Un buen día, su marido instaló Internet. Otra maravilla del futuro, según decía todo el mundo. Debía de ser cierto, por lo que oía decir a gente que lo manejaba como una herramienta imprescindible pero, por raro que parezca, ella, que es de las que se apunta a un bombardeo, nunca sintió la tentación de conectarse y explorar, de modo que Internet estuvo varias semanas instalado sin que nadie aprovechara la tarifa plana.  Hasta que un día su hija volvió del colegio con el encargo de conseguir la formación completa del Gobierno recientemente nombrado. De modo que su primera  entrada en Internet fue por la Moncloa, para enterarse del nombre del ministro de Agricultura y del vicepresidente primero del Gobierno. Y una vez que estuvo dentro... pues siguió. ¿Sobre qué o sobre quién querría ella buscar información? Su segunda entrada en Internet fue una página web de “Les Luthiers”, grupo argentino del que es ferviente admiradora desde que los vio por primera vez. Allí encontró discografía completa, notas biográficas, fotos que no conocía, calendario de actuaciones y... un chat. Ella no habría entrado nunca en un chat, no era el tipo de relación que, de entrada, llamara su atención, pero aquel tenía un anuncio muy sugerente: “... aquí nos reunimos los fans del grupo y hablamos, a veces, incluso, de Les Luthiers “...  decía, más o menos. Ah, aquello era otra cosa. Un grupo de fans de ”Les Luthiers” tenía que ser, como poco, un grupo de gente inteligente... ¡Zas!, entró.

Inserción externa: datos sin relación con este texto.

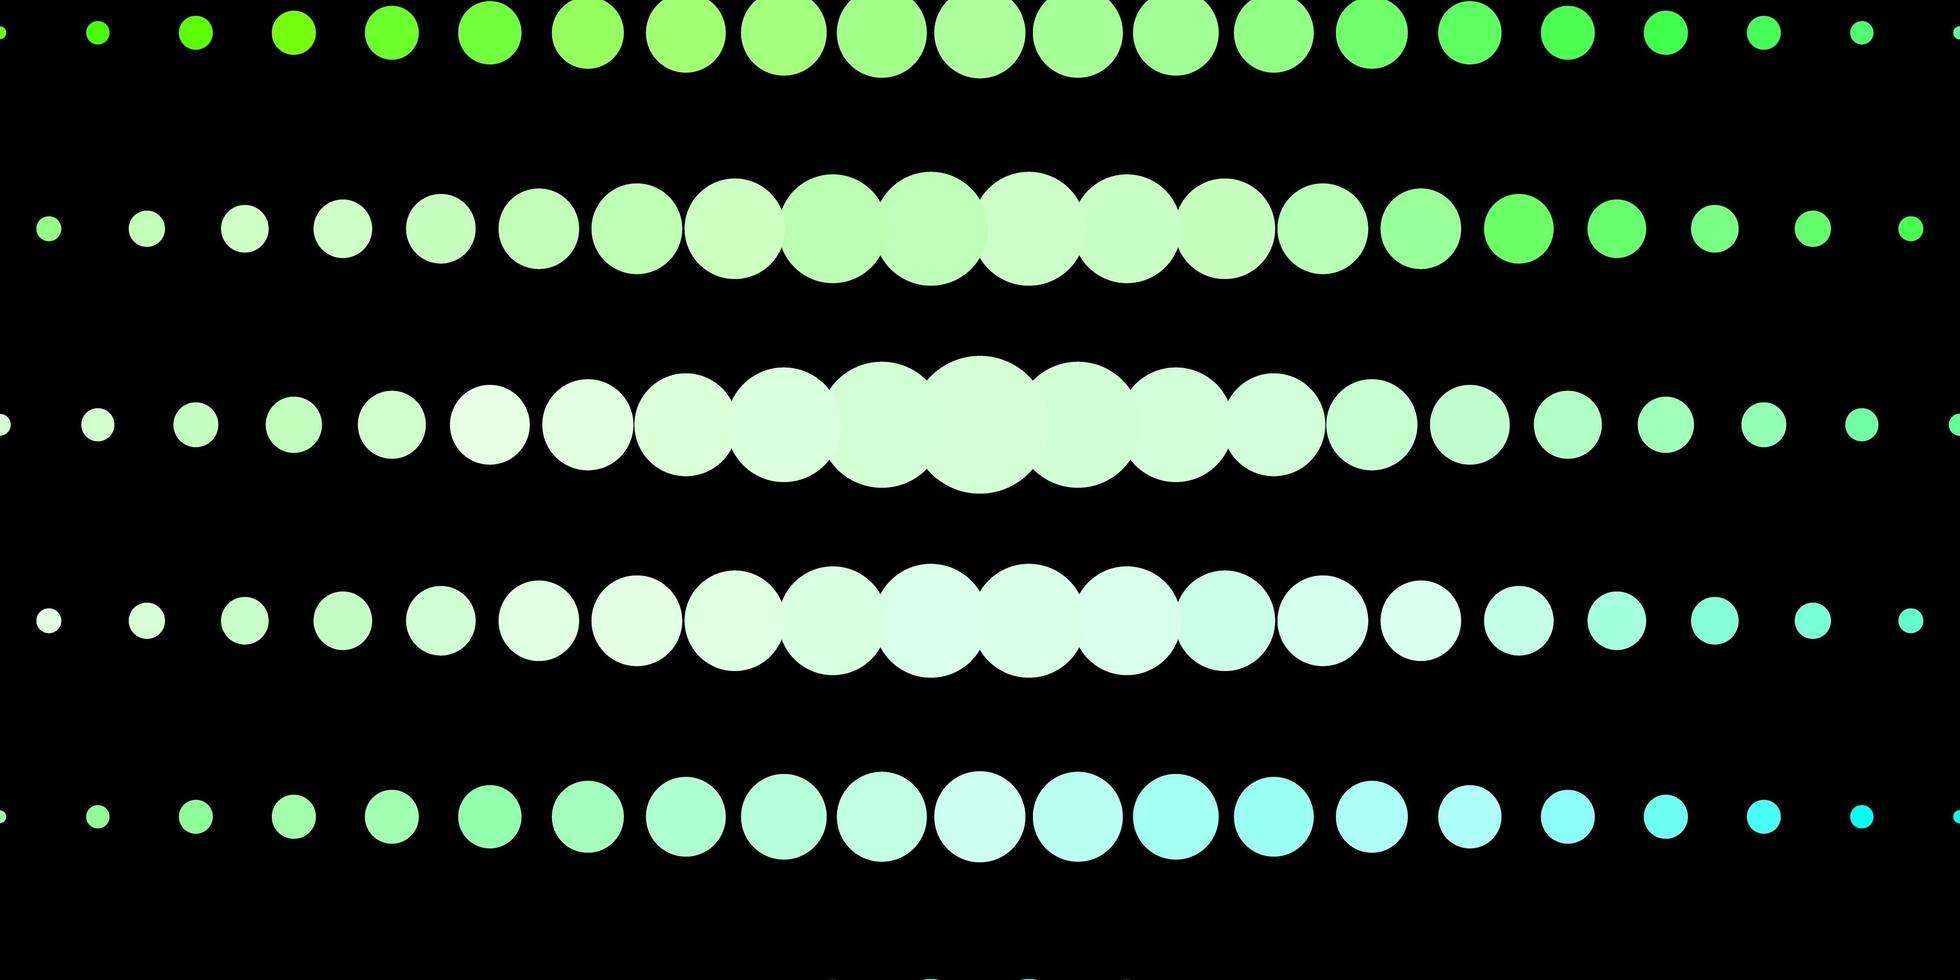 modèle vert foncé avec des cercles. vecteur

Su intuición no la engañó. Eran gente inteligente, admiradores de Les Luthiers, repartidos por todos los rincones del país, gente de toda edad y condición: estudiantes de disciplinas diversas, trabajadores... Había varios informáticos.

¿Dijo algo Freud acerca de las obsesiones latentes? En su caso está claro que la “Canción funeraria del delta del Mississippi” estuvo latiendo calladamente en su interior muchos años y que afloró a la superficie cuando ella vio la habilidad de algunos de sus amigos del chat para recalar en puertos discográficos y conseguir así música de todo tipo con la que engrosar sus archivos, entretener los ratos de chateo y grabar algún que otro cedé. Era una oportunidad, ¿por qué no aprovecharla?

      —estoy buscando una canción —tecleó.

      —la cuála —preguntó elrevisor, uno de los más hábiles internautas del canal, si no el más hábil.

      —se titula “Canción funeraria del delta del Mississippi” —contestó ella.

      —autor? —preguntó elrevisor.

      —nidea, sólo sé el título, se puede buscar así?

      —se pué intentar —dijo elrevisor, con el lenguaje sincopado y agramatical del chat.

      —qué canción es ésa, alfa —debió de preguntar alguien—por qué la buscas?

      —es una historia muy, muy laaaaaaaaaarga... —dijo ella, e iba a añadir que muy, muy triiiiiste cuando la sorprendió un renglón en la pantalla.

      —no está —tecleó rotundo elrevisor.

      —jomío, qué rapidez —contestó, dónde has mirado?

      —en audiogalaxy.

Aún no había tenido tiempo de hacerse a la idea de una nueva desilusión cuando Kanis le abrió un privado.

      —He oído que andas buscando una canción —tecleó Kanis.

      —sasto —dijo ella.

      —Mira a ver esto —dijo Kanis —: John Fahey, “Of rivers and religion”

Lo intentó, esa es la verdad, y llegó a encontrar a John Fahey, pero no recuerda haber visto ningún título que se pareciera al de su canción de modo que, como de costumbre, pidió ayuda a elrevisor, que era el que siempre la sacaba de apuros.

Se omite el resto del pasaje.